Information supplied:
++++++

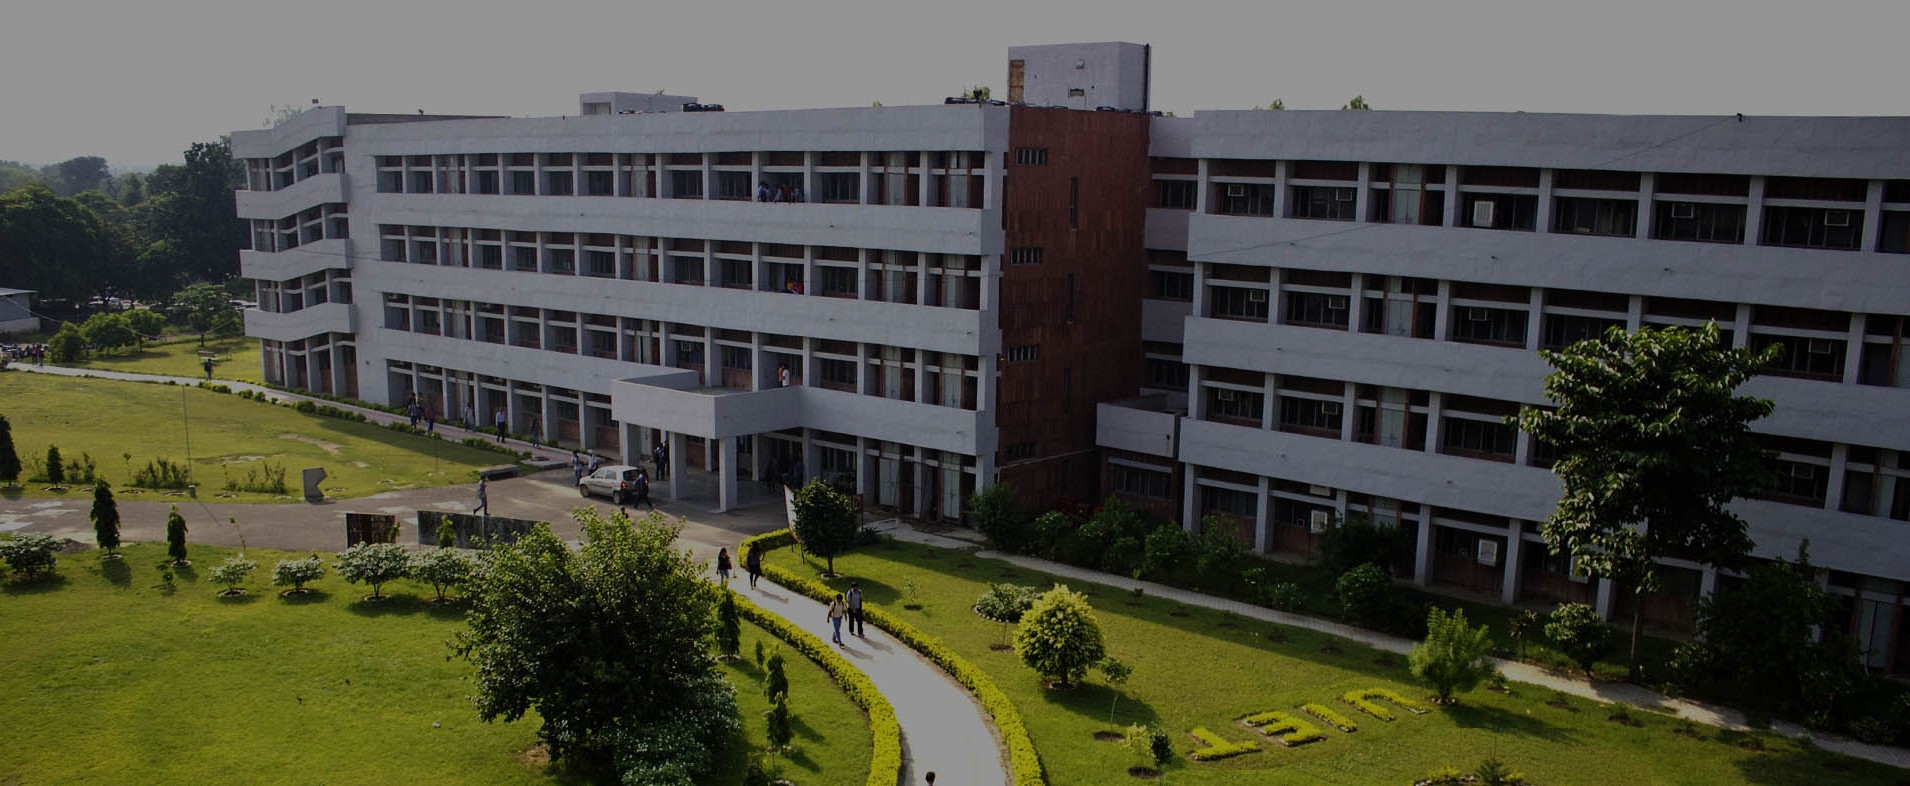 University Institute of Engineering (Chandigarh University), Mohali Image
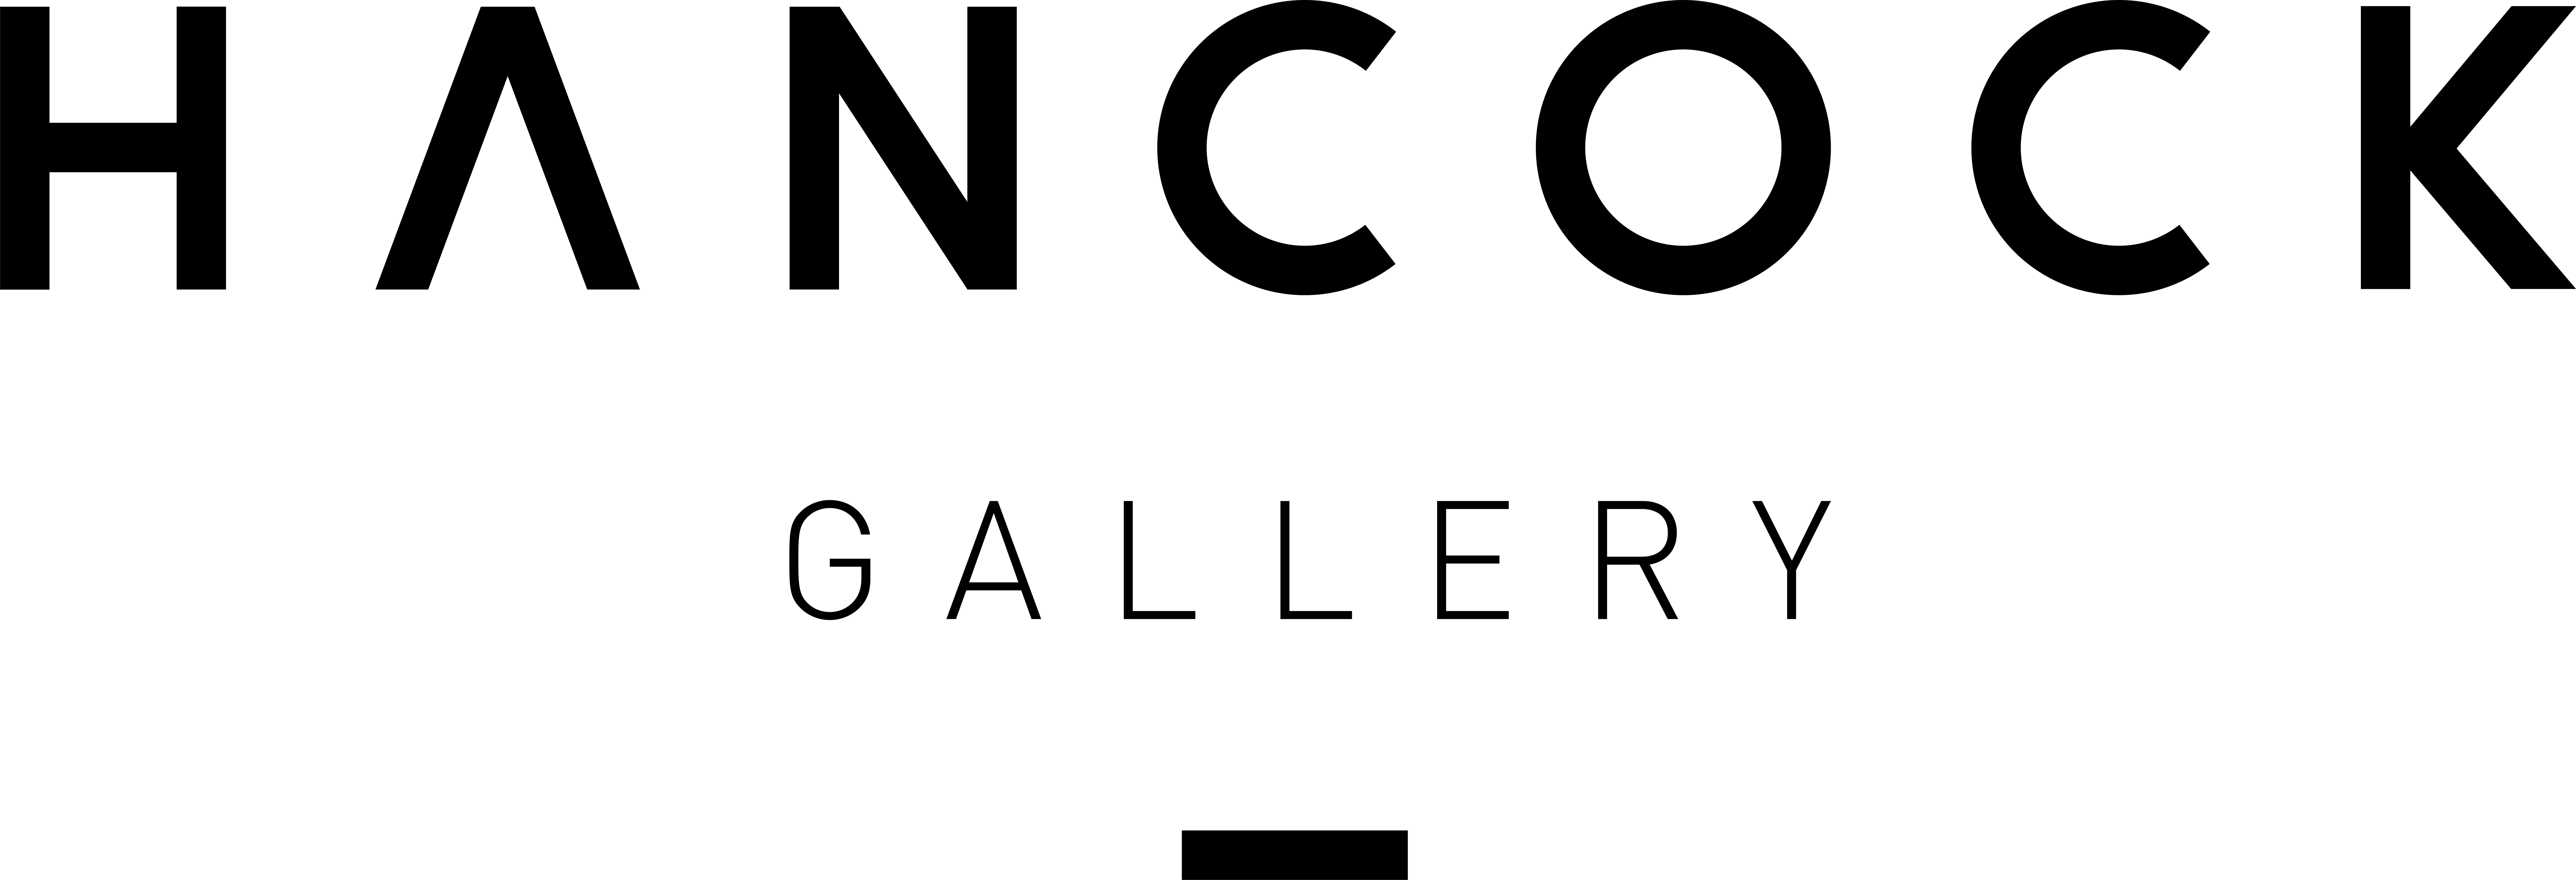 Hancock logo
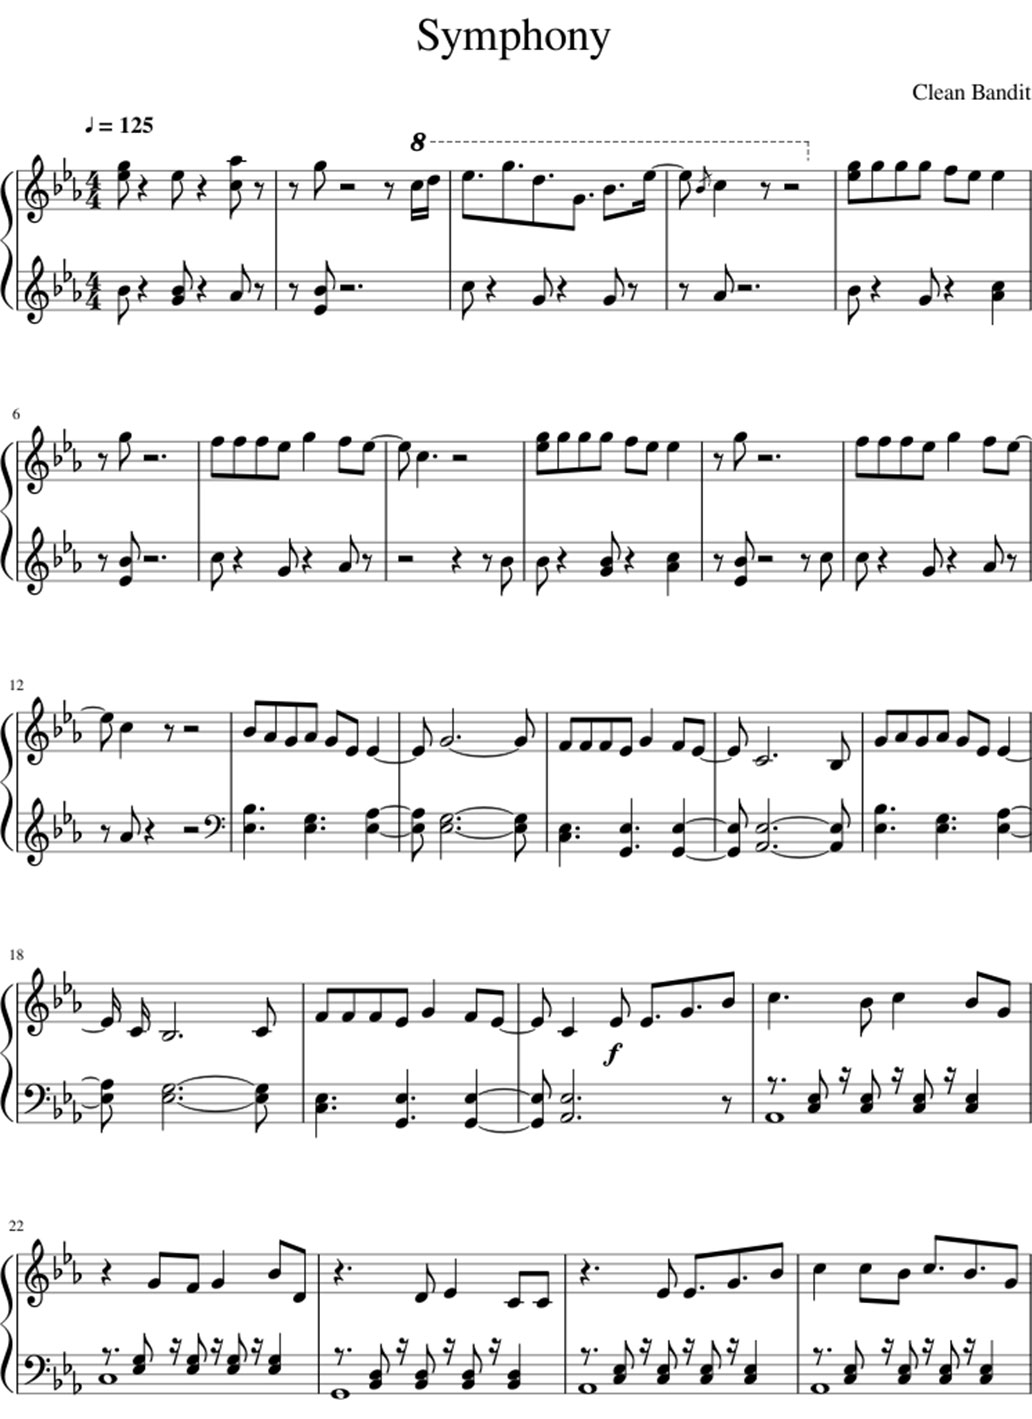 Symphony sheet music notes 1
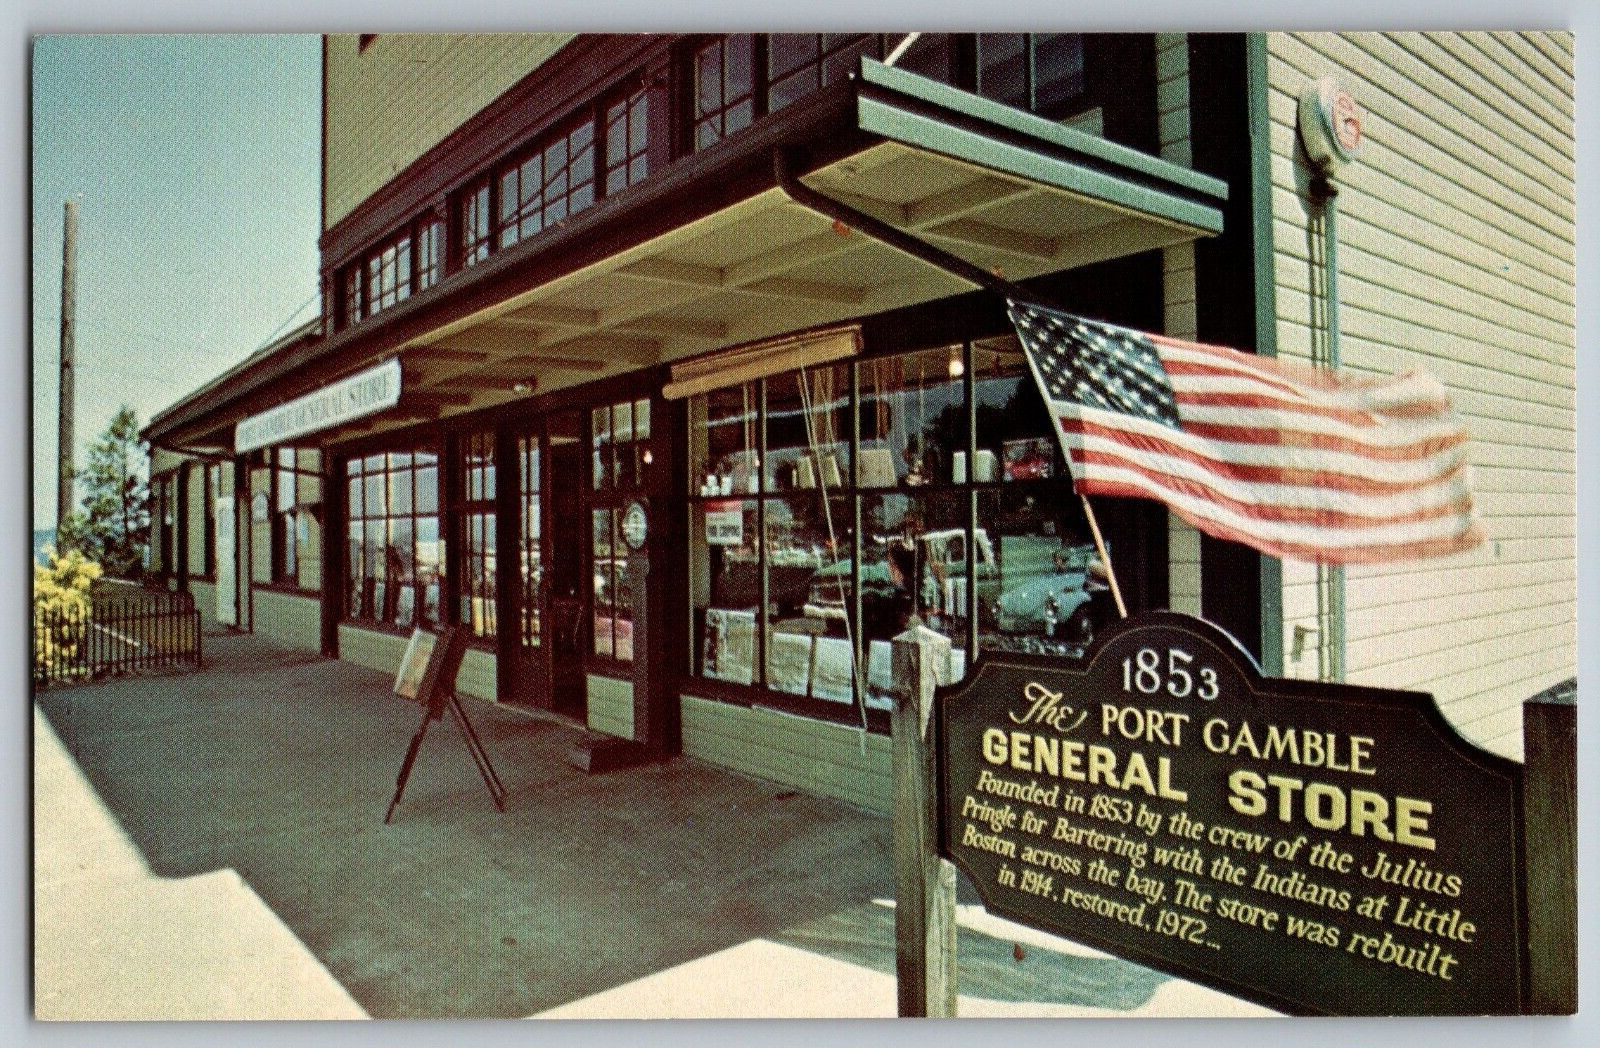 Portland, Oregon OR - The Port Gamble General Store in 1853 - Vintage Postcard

++++++

Give back, word for word, the lines from the one containing "Symphony sheet music notes 1" through the last line of the listing above; include both ends and exclude the pictures.

Written answer:
 Symphony sheet music notes 1
 Portland, Oregon OR - The Port Gamble General Store in 1853 - Vintage Postcard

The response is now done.